Esa es mi pasión, por encima de todo (menos de mi marido y mis chicos) y se puede uno imaginar cuantas trabas, cuanto estrés estúpido me ha supuesto esta entrada… Siendo una compulsiva obsesiva como soy, he dado vueltas y vueltas hasta sentirme lo suficientemente inconsciente para empezara a escribir sobre Restaurantes, vinos y Gastronomía ya que soy una simple aficionada. Eso si, desde los 8 años de edad. Y le he dado vueltas, miles de vueltas hasta tirarme a la piscina que se presenta ante mi mucho más vacía de lo que imaginaba, dándole millones de vueltas para seleccionar los primeros restaurantes de los que hablar… Hay tantos… Pero aquí estoy, manos a la obra, espero no romperme ningún diente… Había pensado en empezar con los restaurantes con la mejor selección de vinos por copa, ya que me deja sin aliento comer en un restaurante de primera (aunque el precio sea de cuarta y la carta de “Trattoria”) o disfrutar de un buen pincho y verme reducida a la selección típica de “Ribera o Rioja¿?” (cómo se puede pedir un vino por su situación geográfica considerando que hablamos de km de tierras distintas, en alza o en baja, en agua o en sequia… Y de uvas totalmente distintas… ¿¿????) y los nombres tan poco ilustres y tan tan convencionales de producción en serie e ilimitada (¿de donde sacaran tanta uva¿?lo se pero no pienso decirlo). Pero este es un tema que guardo para la siguiente entrada, en esta me conformare con contar mis pequeñas aventuras gastronómicas aun siendo una autentica principiante.
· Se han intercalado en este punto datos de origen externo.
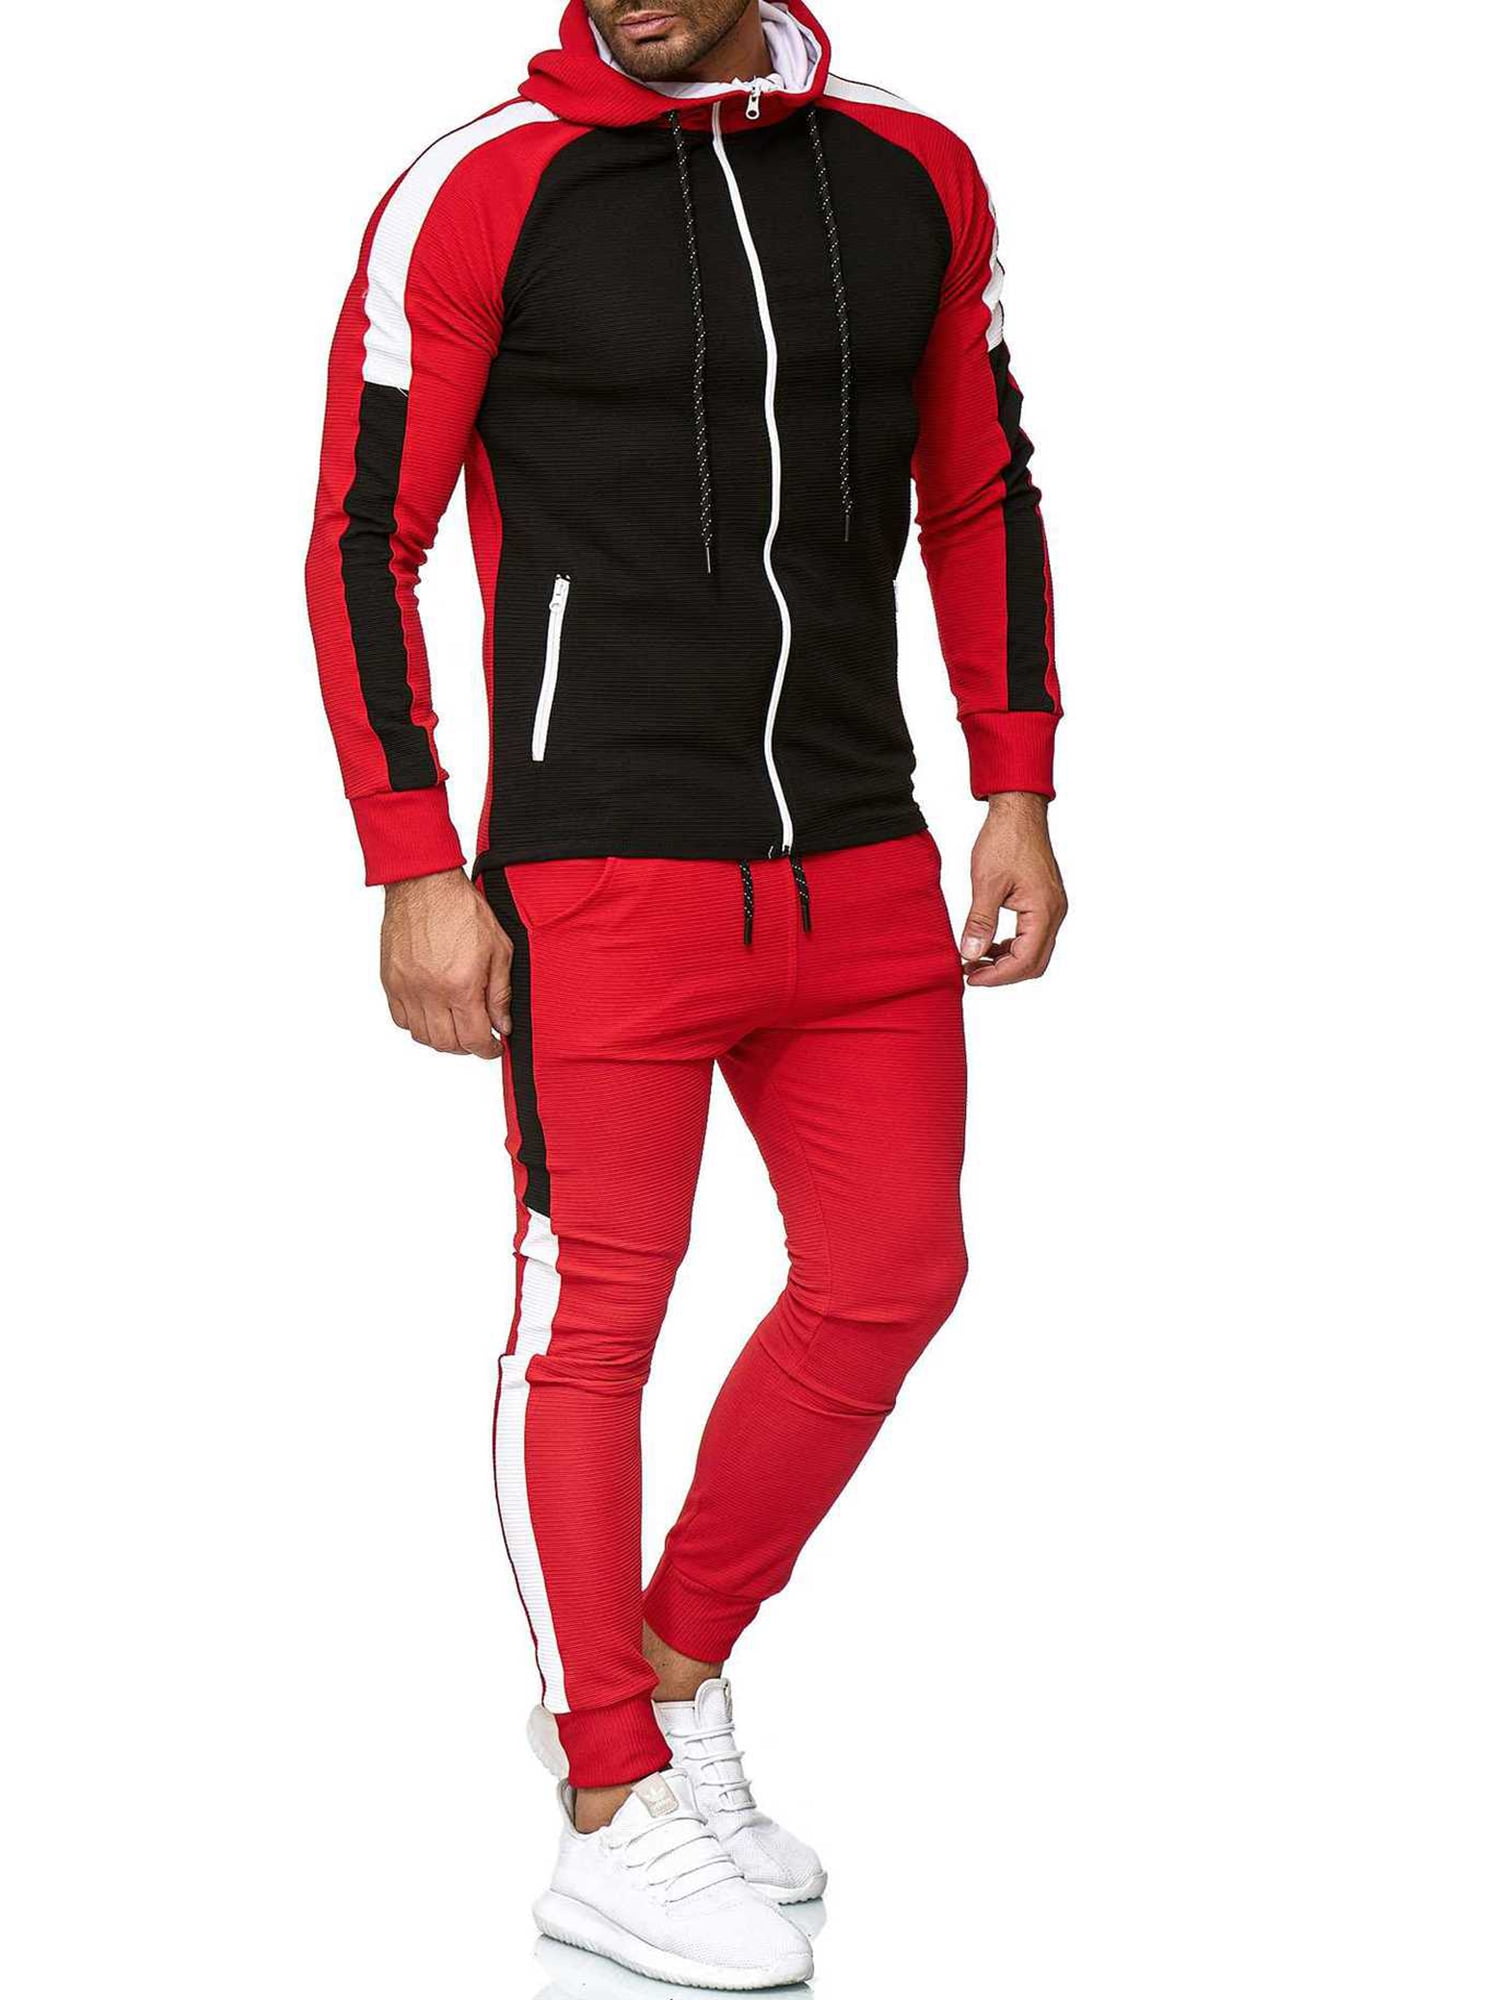 Mens Causal Tracksuits Set Long Sleeve 2 Pieces Sportwear Suits

Hace menos de cinco días, el domingo pasado, tuve la enorme suerte de poder ser invitada a el restaurante Louis XV de Luis Ducasse y bueno, a parte de hacer un realidad un sueño, pasé la mayoría de la velada fotografiando cada detalle, cada rincón casi de una manera invasiva.
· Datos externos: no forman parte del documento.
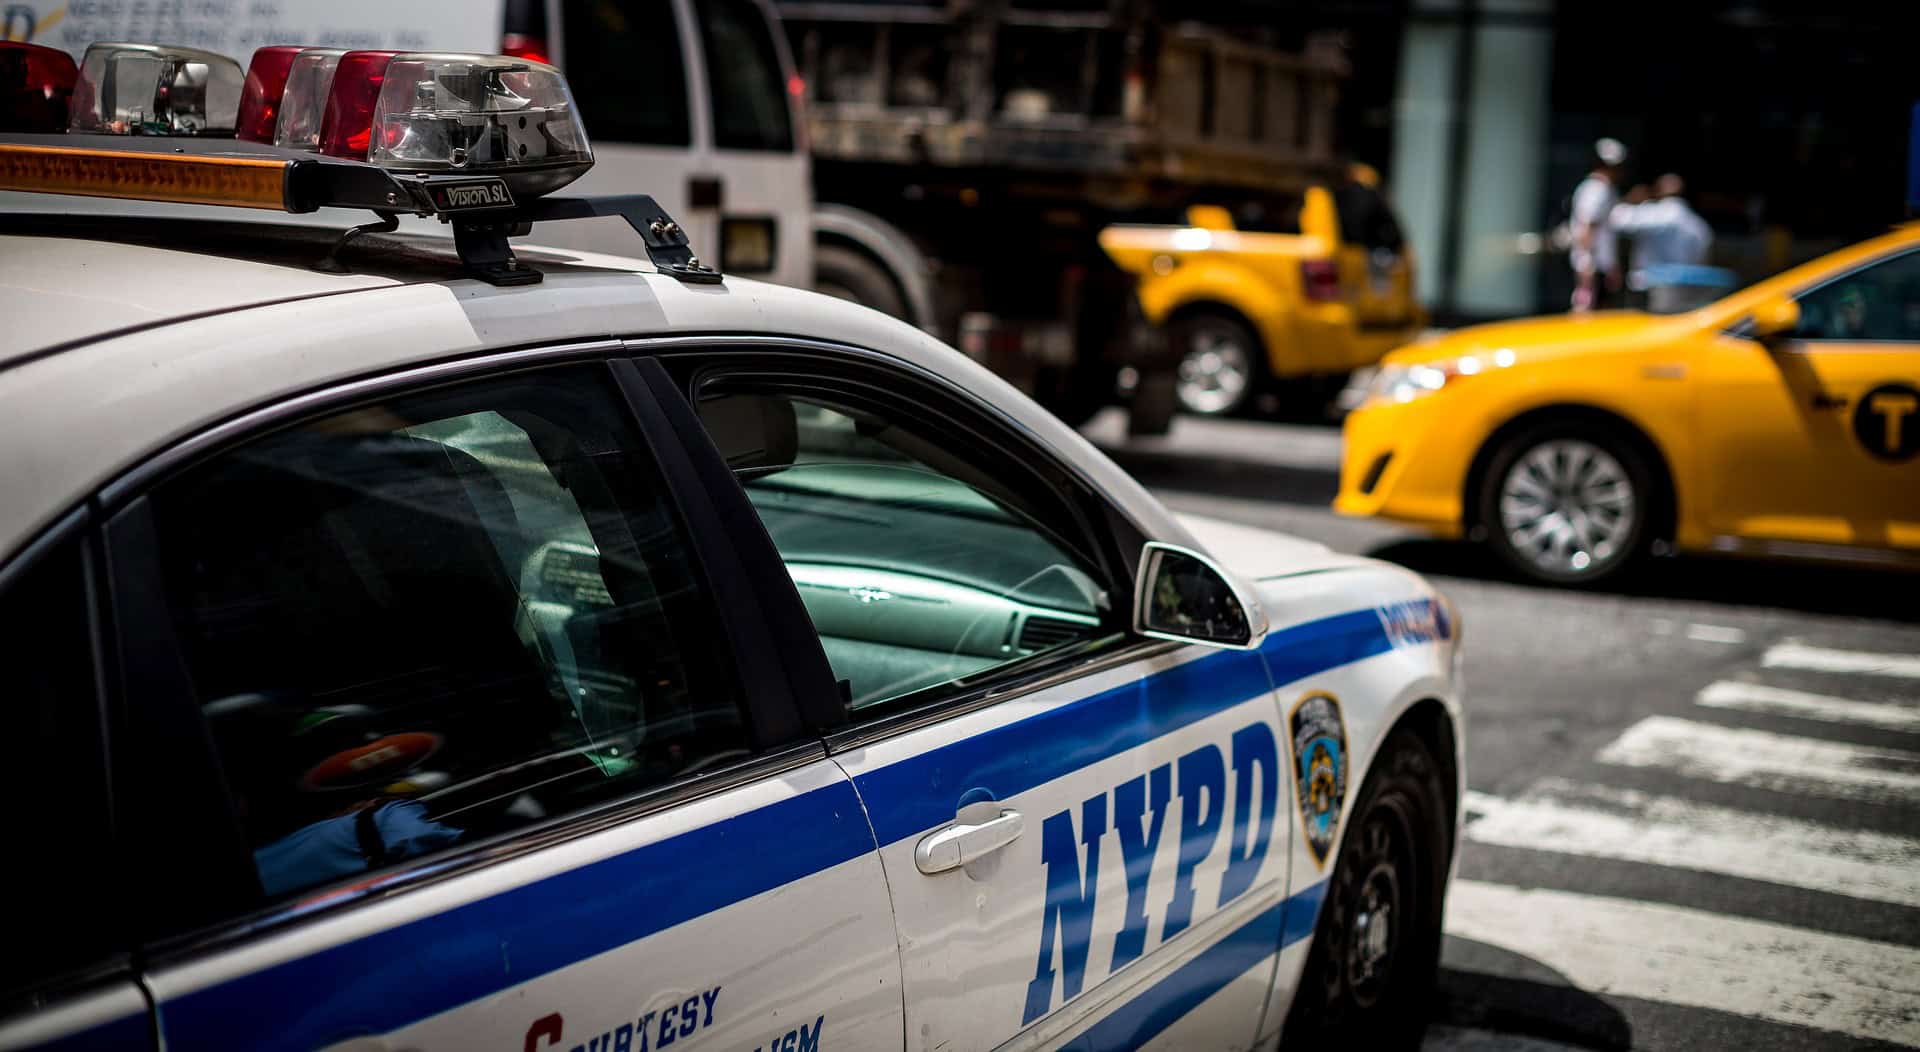 NYPD: June antisemitic hate crimes shot up 137% from last year

Esta entrada trata sobre mis restaurantes favoritos. Eso sí, es solo el comienzo, y es una selección nada más… ¡Qué pánico!

Ahora mismo estoy sentada en un Restaurante muy conocido de Madrid que hace poco cambió su ubicación y quizá también su imagen (que no es su talento para la cocina) por la de la calle Almagro 20. Se trata del muy conocido ya Mentidero de la Villa que ha logrado con una decoración impecable y un servicio digno de cualquier capital del mundo y de los reconocidos Hoteles de Mr. Ian Schrager en NY, una carta deliciosa. La carta de vinos completa, española. Ligeramente moderna y básicamente clásica. Apta para todos los paladares. Es la tercera vez que vengo a comer a la zona más desenfadada (se puede comer a lo largo de todo el día) del restaurante y espero salir de aquí igual de impactada que la segunda vez: salteado de verduras de temporada: PERFECTO. Steak Tartare cortado a mano, muy bueno. Estoy a régimen así que no hubo ni vino ni excesos. La compañía era más que perfecta. Lo recomiendo para tomar algo con amigos, para trabajar, para una cita de trabajo, para verlo y por supuesto para cenar románticamente. (Mundi, cubano, es su Chef estrella) y no os perdáis las fotos de Jean Marc Manson (www.jeanmarcmanson.com)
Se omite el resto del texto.